**** PROVIDED DATA ****

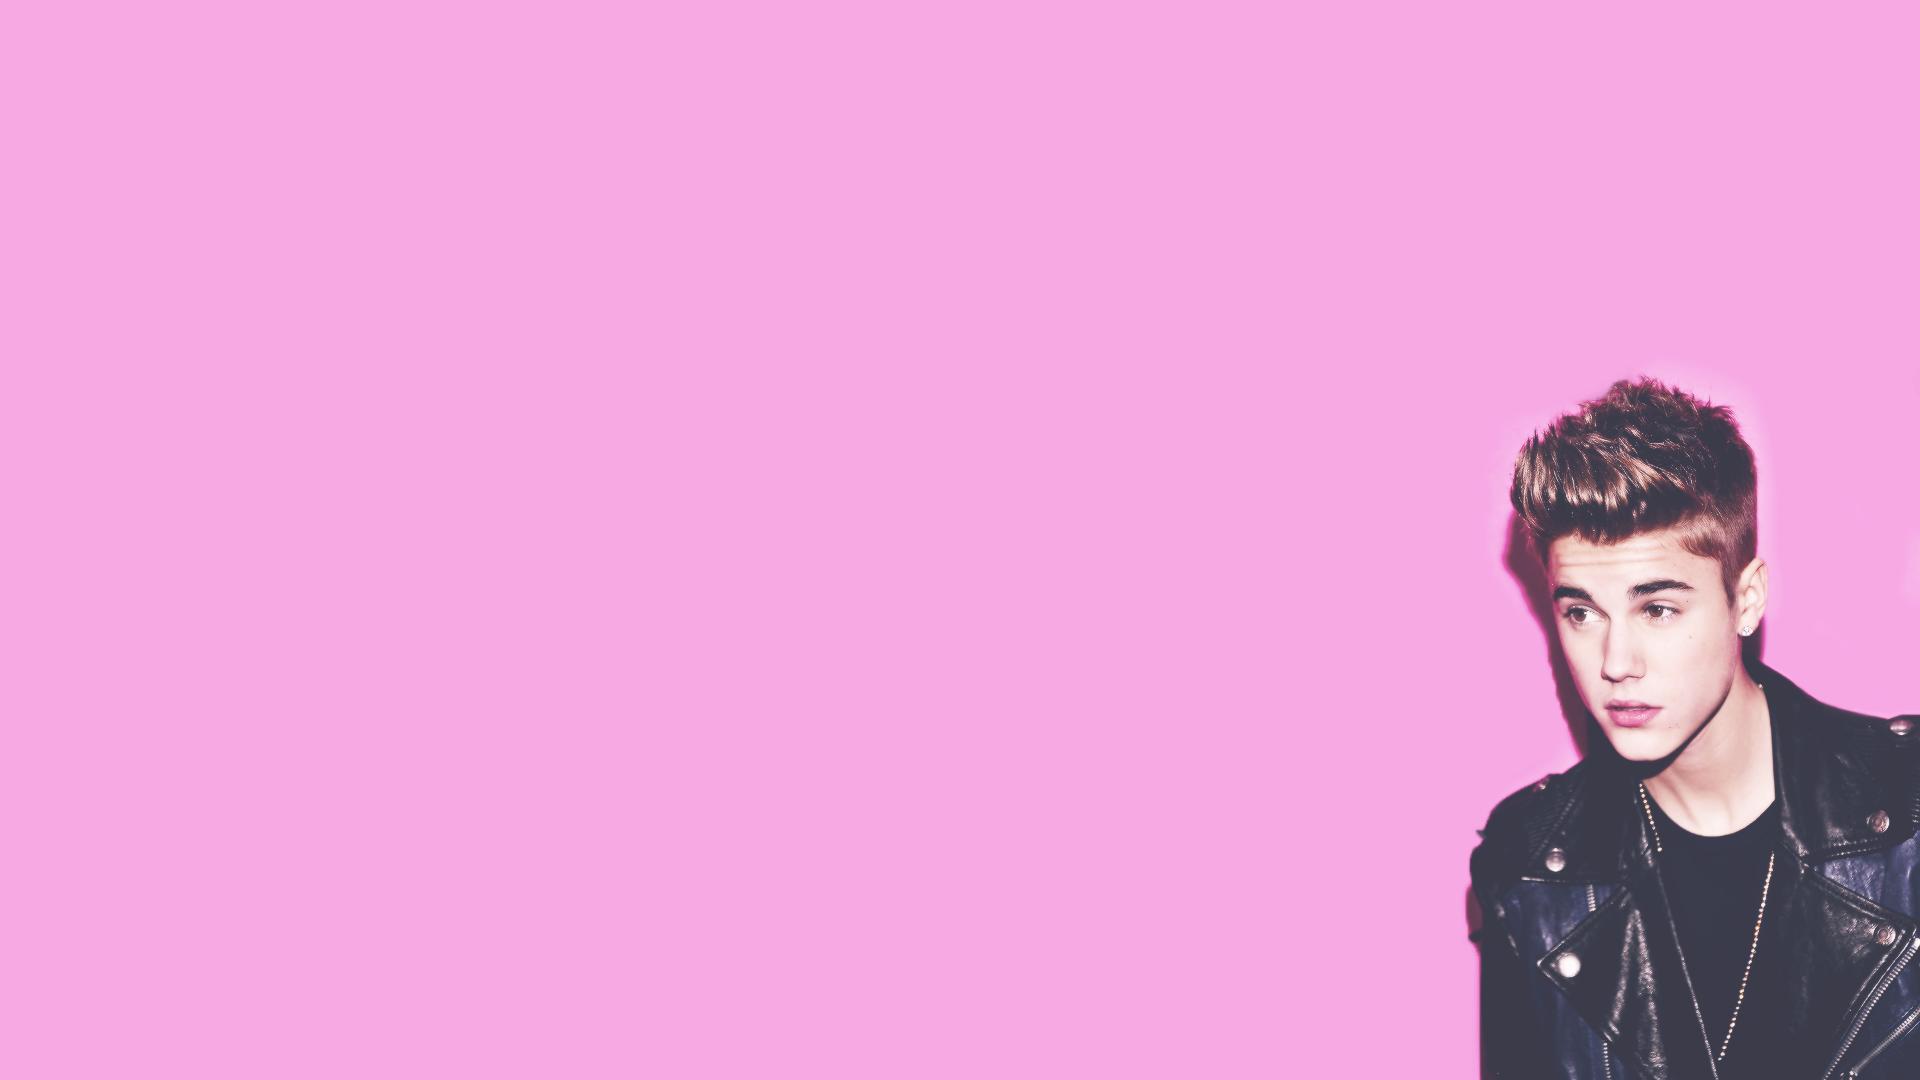 Justin Bieber Tumblr Backgrounds 2015 1920x1080
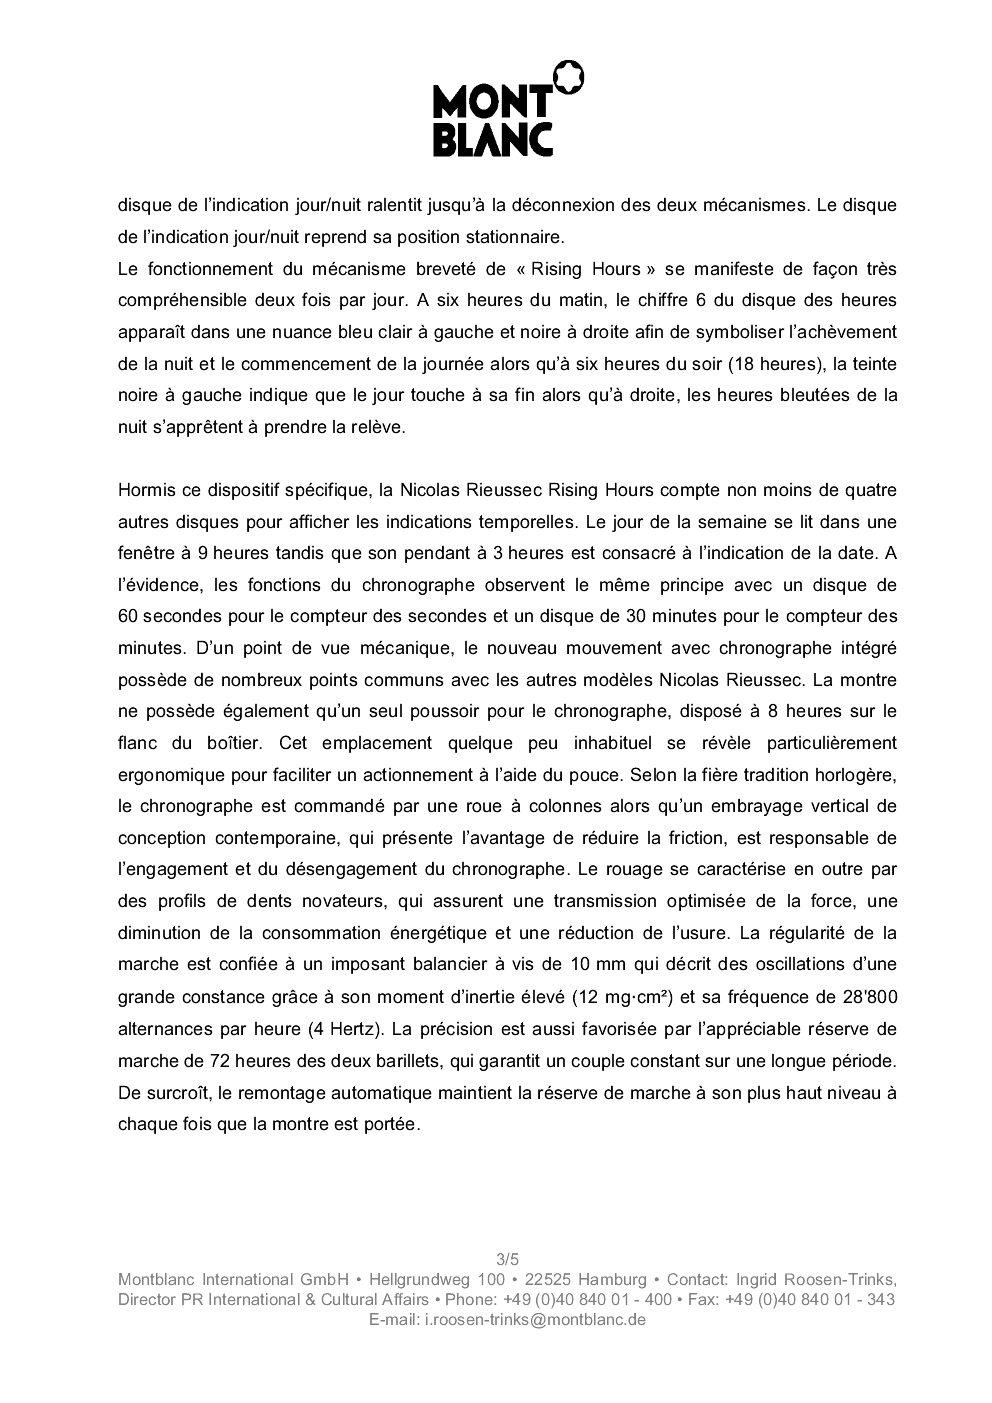 SIHH 2013 MONTBLANC Nicolas RIEUSSEC Rising Hours 345fq0l
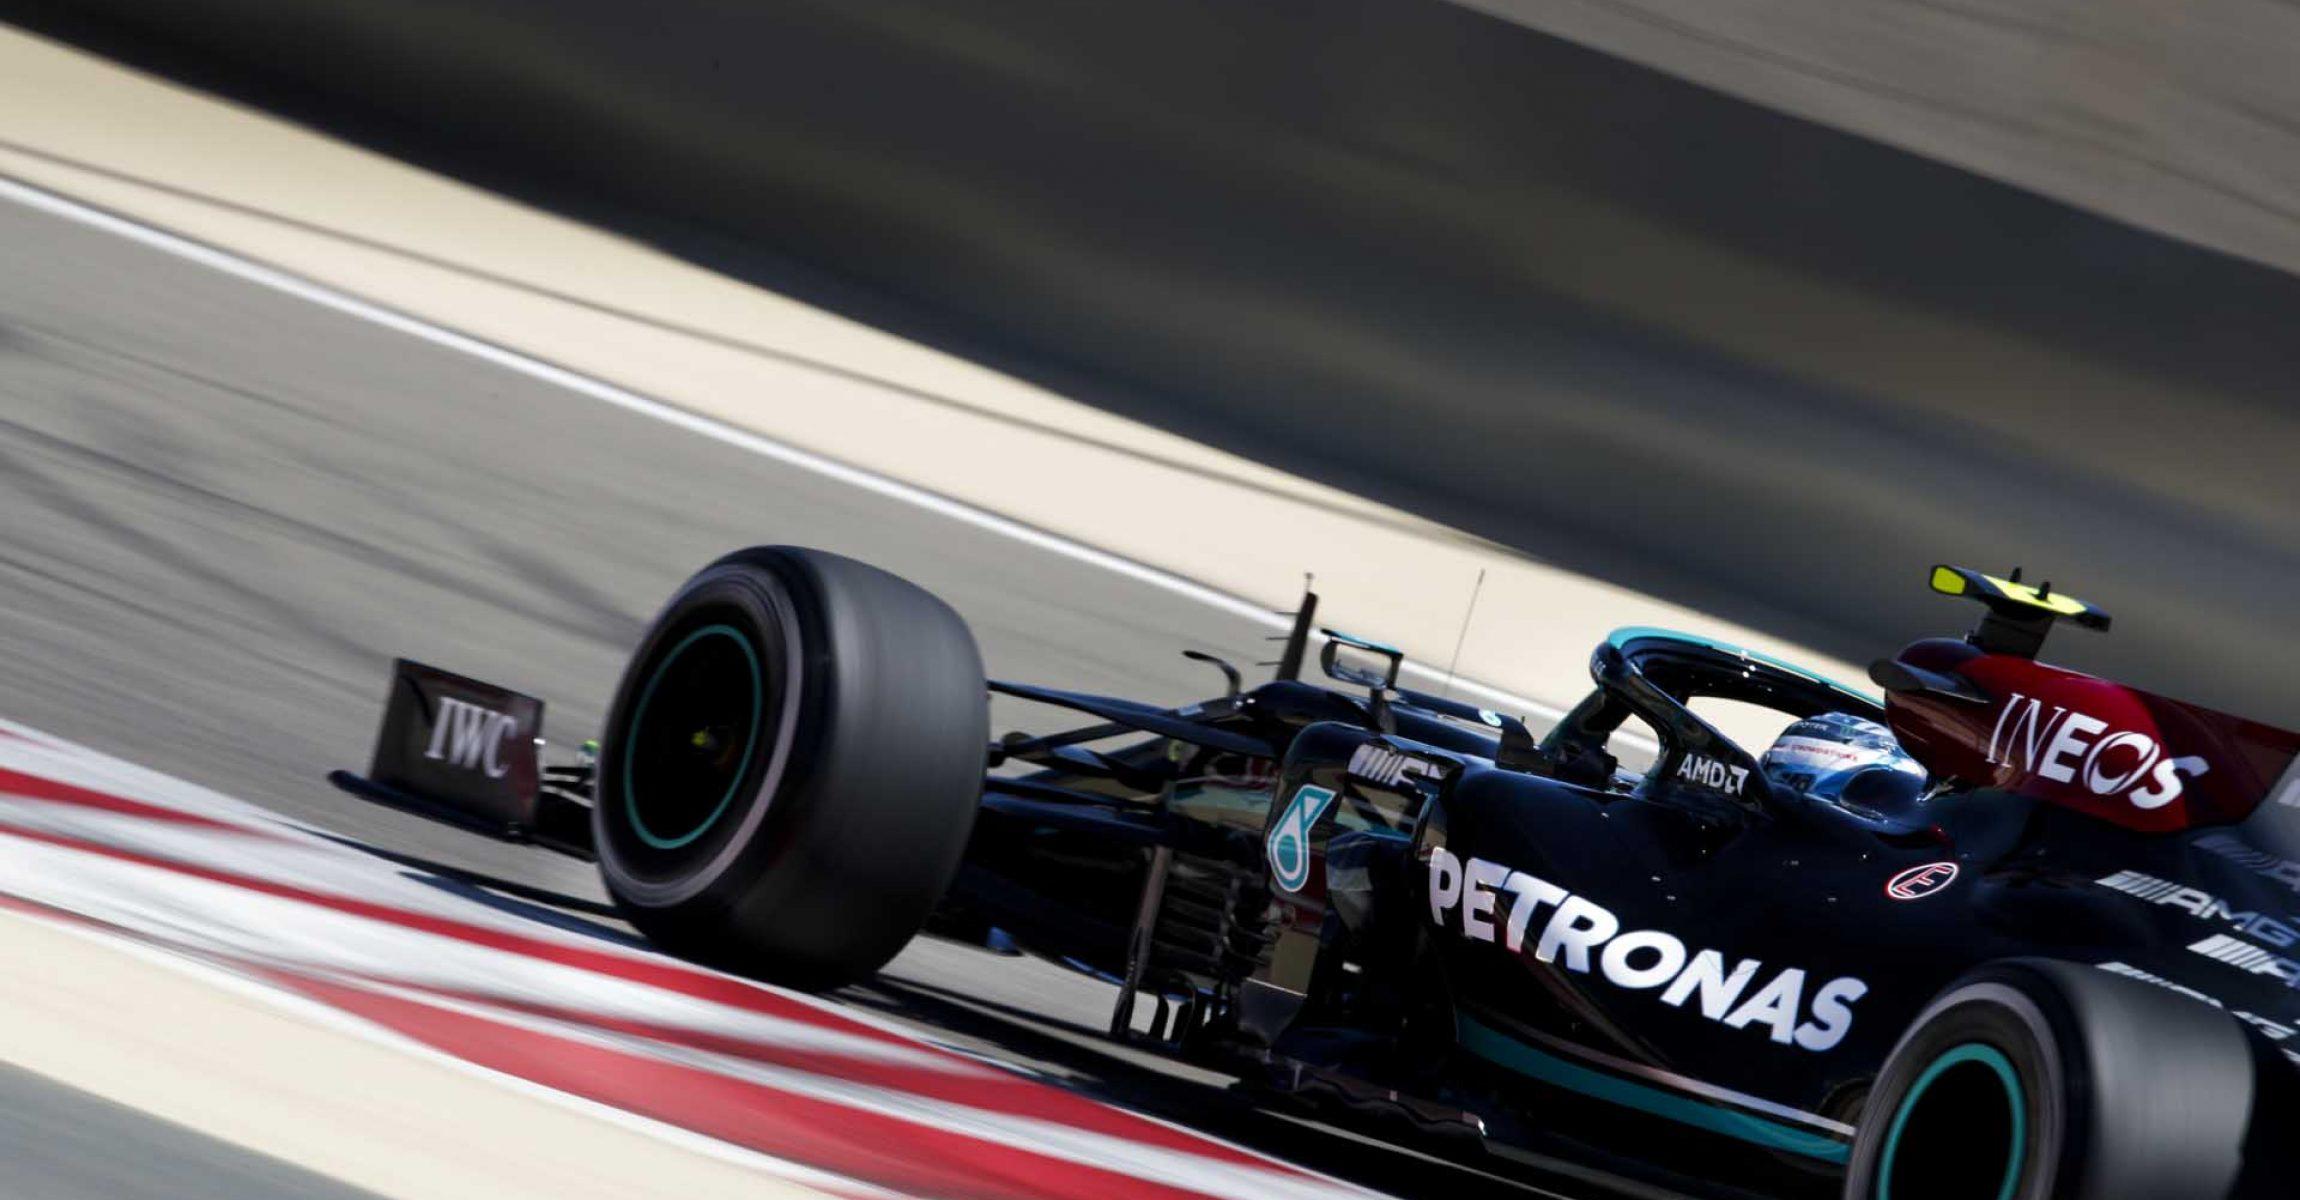 BAHRAIN INTERNATIONAL CIRCUIT, BAHRAIN - MARCH 14: Valtteri Bottas, Mercedes W12 during the Bahrain March testing at Bahrain International Circuit on Sunday March 14, 2021 in Sakhir, Bahrain. (Photo by Zak Mauger / LAT Images)

****

### BRIEF:
Set down the material word for word, and drop every picture from it.

### ANSWER SPACE:
 Justin Bieber Tumblr Backgrounds 2015 1920x1080
 SIHH 2013 MONTBLANC Nicolas RIEUSSEC Rising Hours 345fq0l
 BAHRAIN INTERNATIONAL CIRCUIT, BAHRAIN - MARCH 14: Valtteri Bottas, Mercedes W12 during the Bahrain March testing at Bahrain International Circuit on Sunday March 14, 2021 in Sakhir, Bahrain. (Photo by Zak Mauger / LAT Images)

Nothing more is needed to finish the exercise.